Focused Activity I: Building My Home

Objectives

1. Participate in small-group discussion about different places that people call homes.

2. Use adjectives to describe attributes of objects (e.g. color, size) and to make comparisons (e.g. bigger/smaller).

3. Compare groups of objects and communicate the difference based on two or more attributes.

 

 

Materials Needed

 

Directions 

Prep:

  • Print out photographs of different homes - houses, apartments, palaces, underground lairs, condominiums, igloos, etc.

 

Activity:

  • Talk with children about all the different places that we can call home and the different homes people live in.

  • Pass out the photographs you have printed to your child. You may show one picture to your child each day if you find the amount of photographs too overwhelming.

  • Begin by asking your child to share something special they see about their house.This could be finding a specific object or color. Some suggestions could involve shapes, letters, numbers or colors.

  • If you have siblings, you could have children work in groups that explain that they are going to work as a group to sort their houses. Call out a characteristic and help children move around the area to group themselves by that characteristic. 

  • Some basic characteristics to start with could be color or type of home (house, condo, or apartment). To make the game more challenging, use more detailed characteristics such as number of windows or building material. As a final challenge, you can try to give children more than one attribute to work with or sort by color and type of home.

  • Extension: When you are finished with the above activity, collect the photographs and cut each one into at least 6-9 pieces. Place the pieces into an envelope or sandwich bag labeled with each child’s name.  

  • Provide craft paper, glue, and the labeled pieces for your children to put back together. If you would prefer to reuse the puzzles, laminate the photos before cutting them.  Instead of gluing the images back together, children can build their house and then trade with a sibling/parent.

 

Bonus Challenge I: What Do You See?

Objectives

1. Apply knowledge of writing conventions in writing words/phrases/sentences.
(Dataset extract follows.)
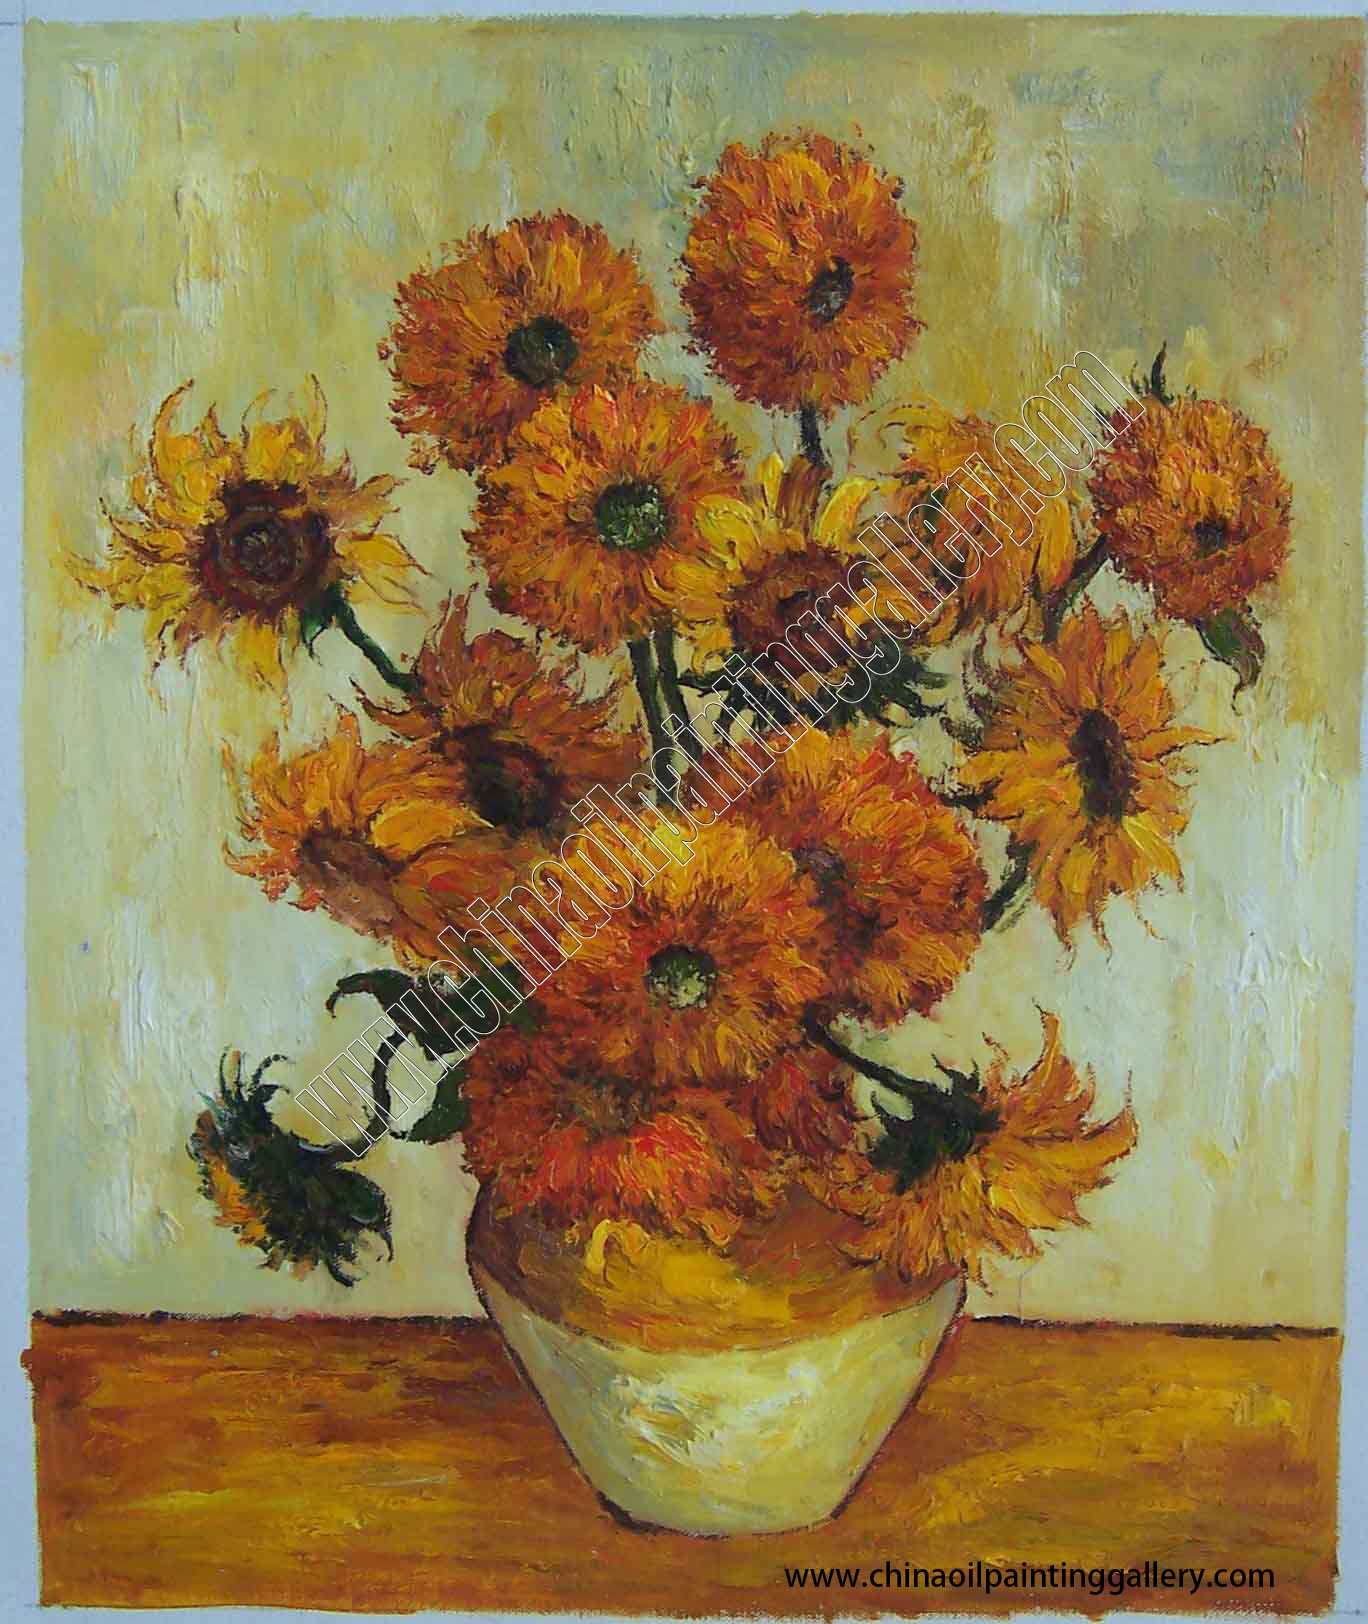 Vincent van Gogh Sunflowers - Oil painting reproductions 12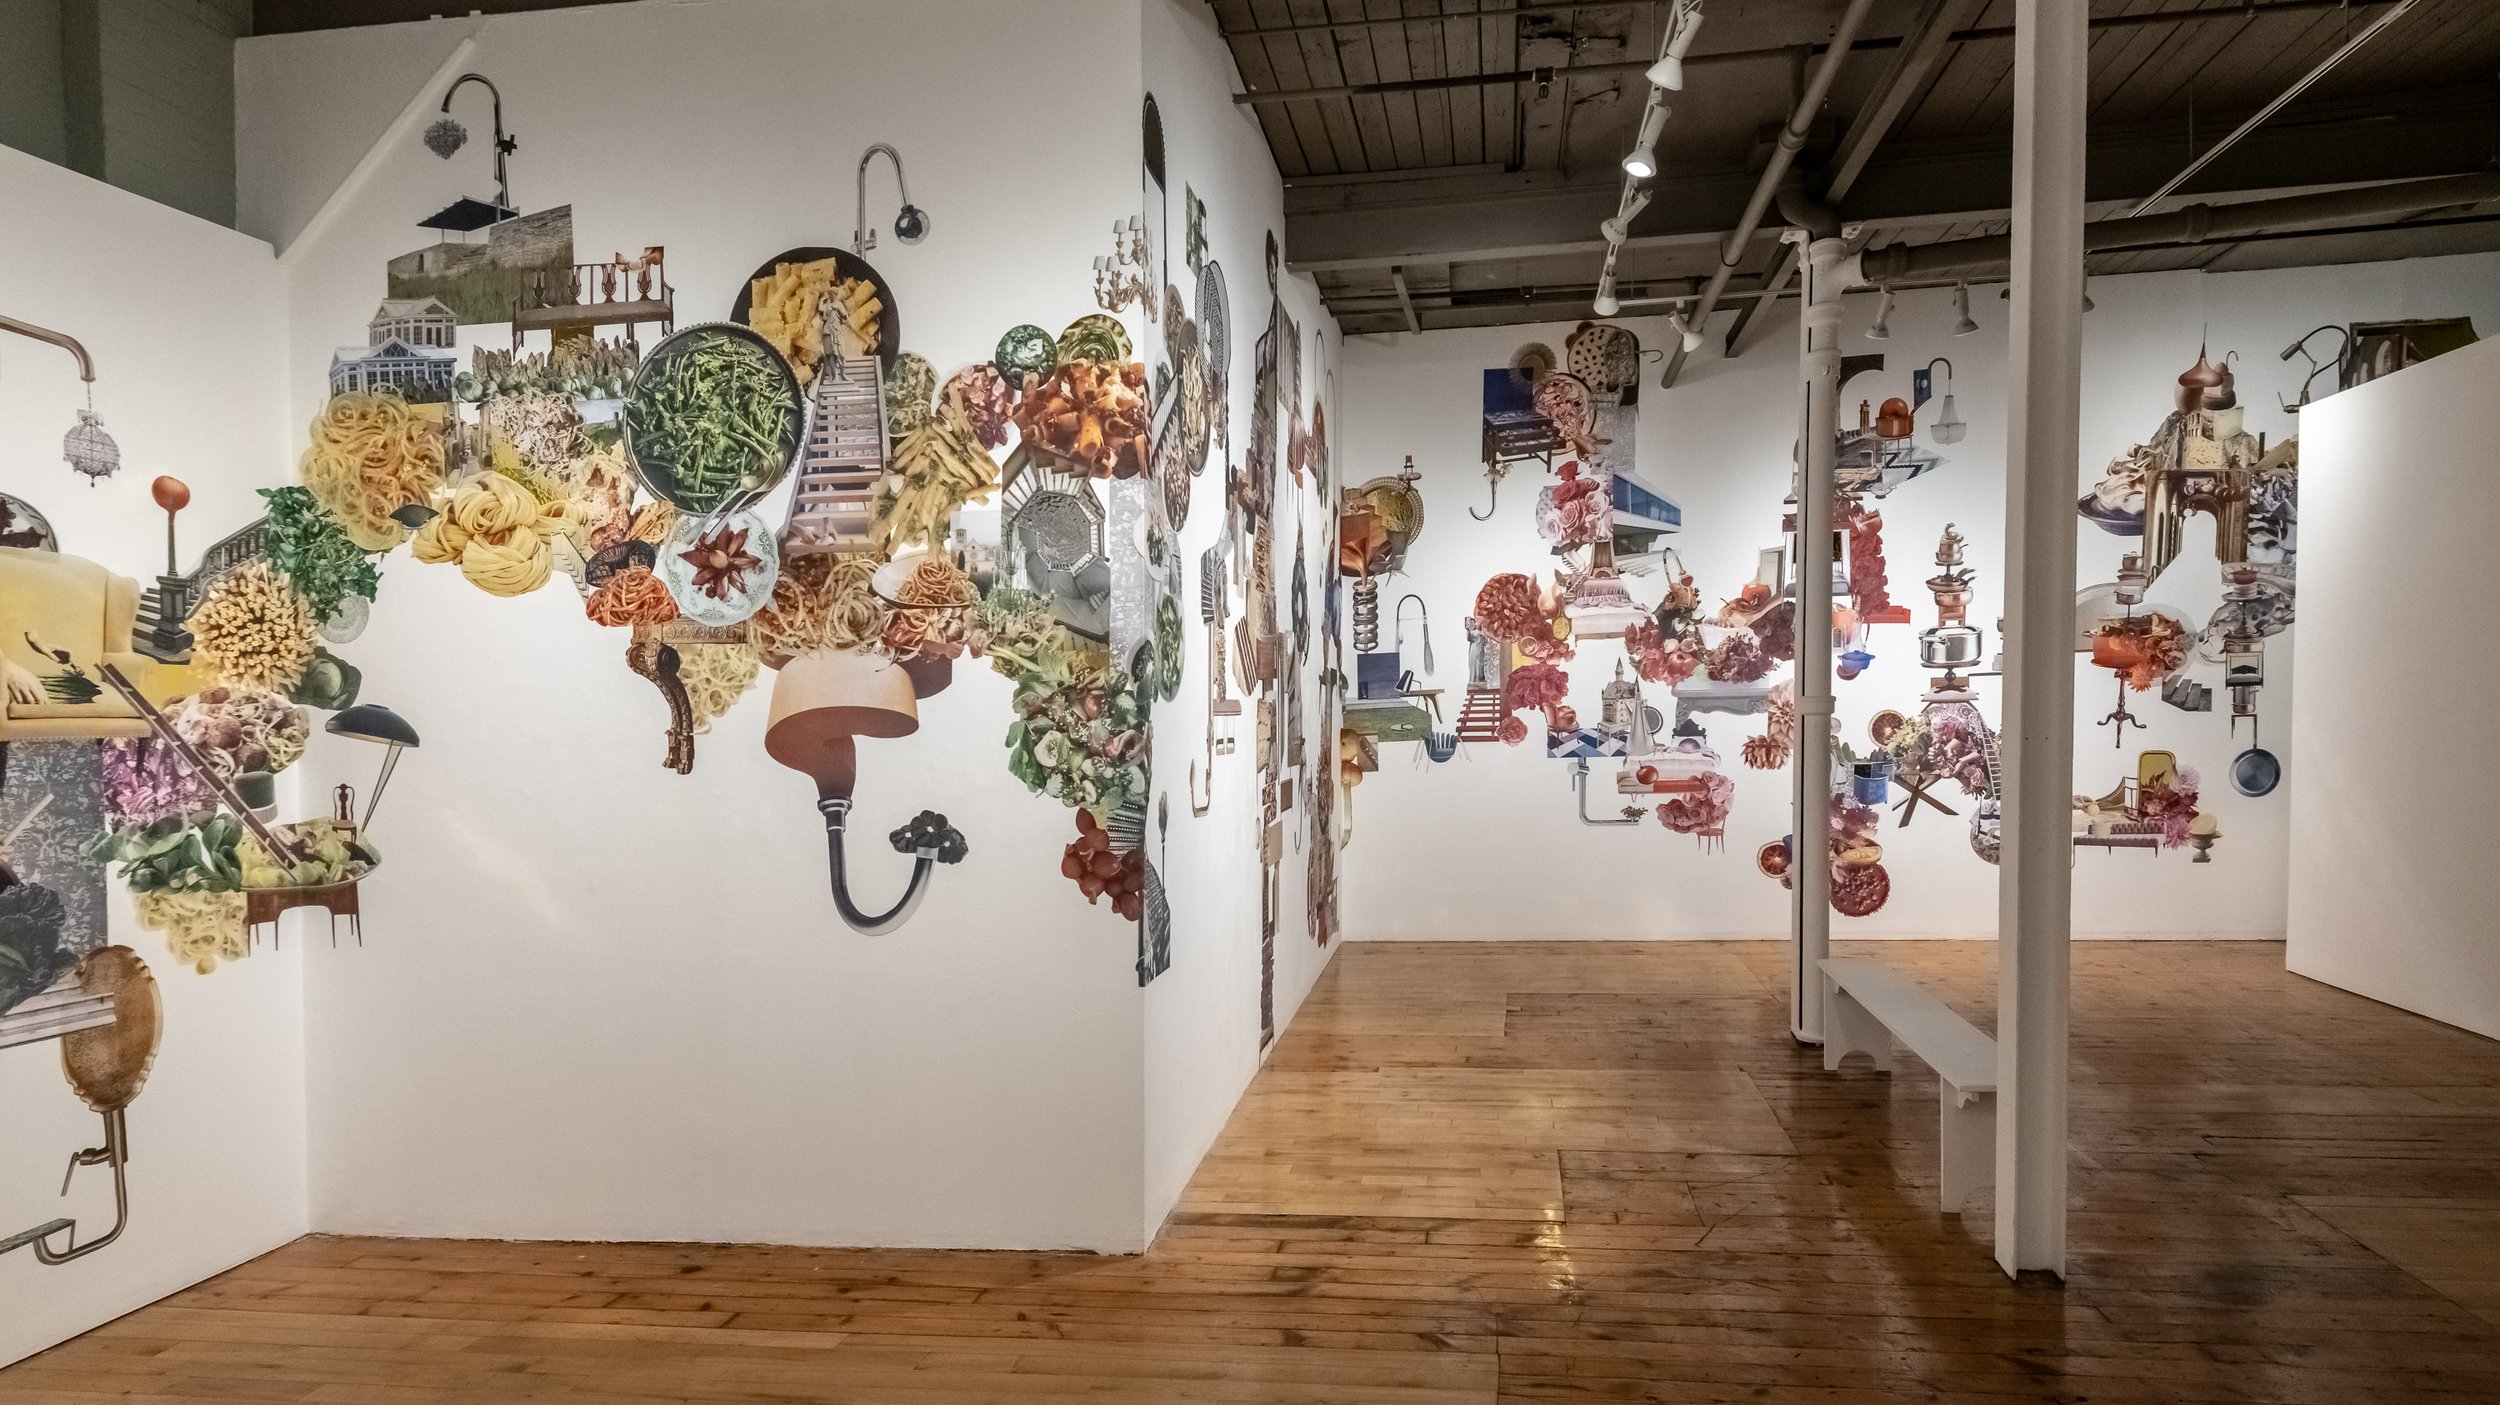  Gorge, 2019 Installation view at Red Head Gallery Hand cut collage and mixed media  Picture by Peggy Taylor Reid, 2019

2. Compose and write complete sentences using invented and conventional spelling.

3. Use senses and simple tools to examine houses around the neighborhood.

4. Make simple recordings of observations through drawing and writing.

 

 

Materials Needed

 

Directions

Prep:

  • Look at the homes visible from your window/balcony/car.

  • Ask children questions such as:

> What do you notice about the homes? Can you see windows? How many? Can they see doors? How many?

> What are the homes made up of?

> What similarities and differences do you notice when you look at the homes?

  • You may provide your child with a pair of binoculars to aid in this activity.

Activity:

  • Guide your child in filling out the observation sheet provided:

> Drawing how his/her house looks like

> Drawing another house that he/she has observed

> Writing a few lines about how the two houses are similar

> Writing a few lines about how the two houses differ from each other

 

Bonus Challenge II: Parts of a House Memory

Objectives

1. Pair related objects (e.g. a towel card to a bathroom card).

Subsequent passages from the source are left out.